During the global financial crisis of 2008, gold returned 28.61 percent, while Indian and world equities were both in the red, down 56.54 percent and 30.27 percent, respectively.

Gold, on the other hand, had positive returns of 22.42 percent in 2009. By 2013, gold had returned a negative 7.90 percent, and equities had diverged as well, with global equity yielding 35.76 percent while the Indian market yielded 4.82 percent.

This demonstrates that asset class winners change every other year, and there is little link between these asset classes. As a result, the best way to maximize returns is to use wise asset allocation and rebalance as needed.

Asset Class Mix

Equity, debt, gold, and real estate are the key investing asset classes under discussion.
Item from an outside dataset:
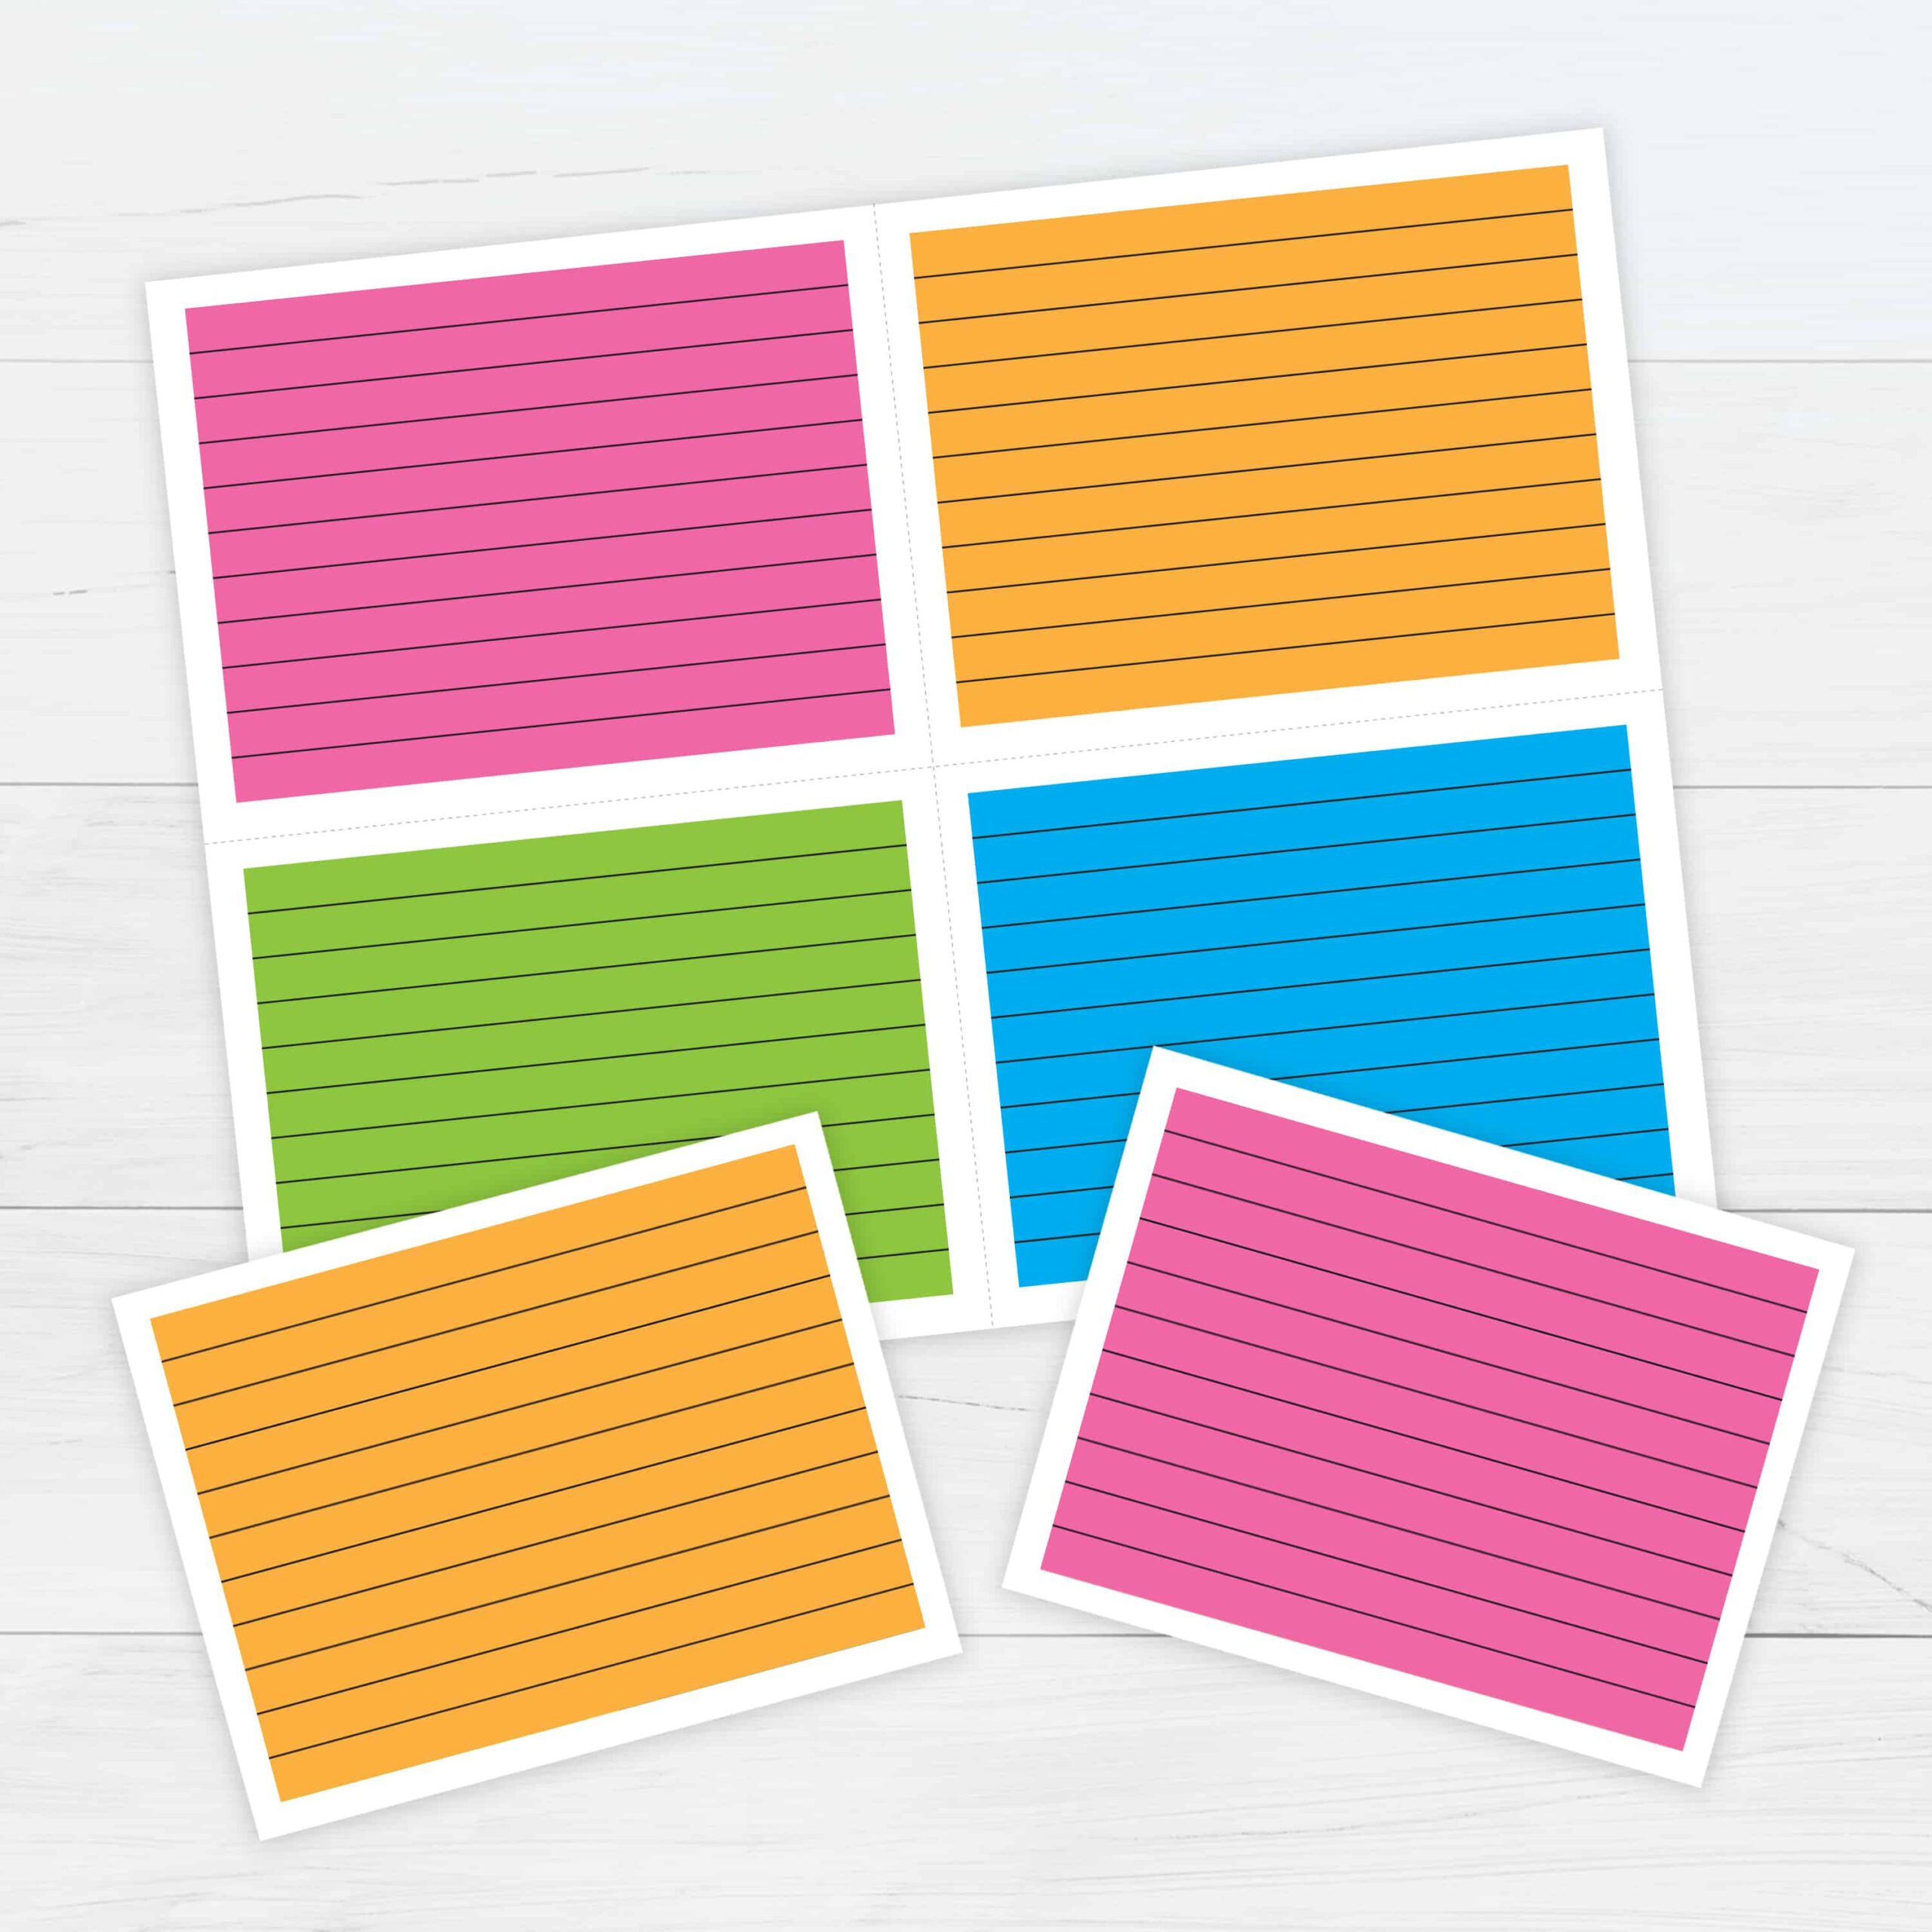 Color Ruled Index Cards Template - Free Printable Download with Free Printable Index Cards

Real estate is unsuitable for the average investor since it necessitates a significant one-time investment. Along with this, a fourth asset class in the form of global equity has emerged in recent years.

Through international funds or ETFs issued by domestic investment institutions, Indian investors are increasingly getting exposure to innovative global companies such as Apple, Meta, Netflix, Microsoft, and others.

How do you go about allocating assets?

You should consider investing in all four asset groups to diversify your portfolio appropriately. We tend to stick to asset classes that we understand well due to our poor grasp of the complexities of numerous asset classes.

The other option is to invest in a mutual fund plan that will take care of everything for us. There is a range of alternatives within each asset class from which to pick.

There are two options for dealing with the problems. Invest in a mutual fund that invests directly in all of the asset classes, or invest in a fund that invests in a variety of asset classes. The second approach has a better chance of generating higher returns since it allows you to benefit from the targeted experience of the underlying scheme’s fund managers.

ICICI Prudential has developed a Passive Multi-Asset Fund of Funds to solve the issues of optimal asset allocation. The scheme is designed to invest in all four asset categories outlined before, with some constraints applied to each of the asset classes.

Taxation

The fund of funds is classified as a debt fund for tax reasons. If you hold your units for more than 36 months, any profits you make on their sale or redemption will be considered long-term. Short-term capital gains will be included in your regular income and taxed at the slab rate relevant to you. Long-term capital gains will be taxed at a flat 20% after indexation.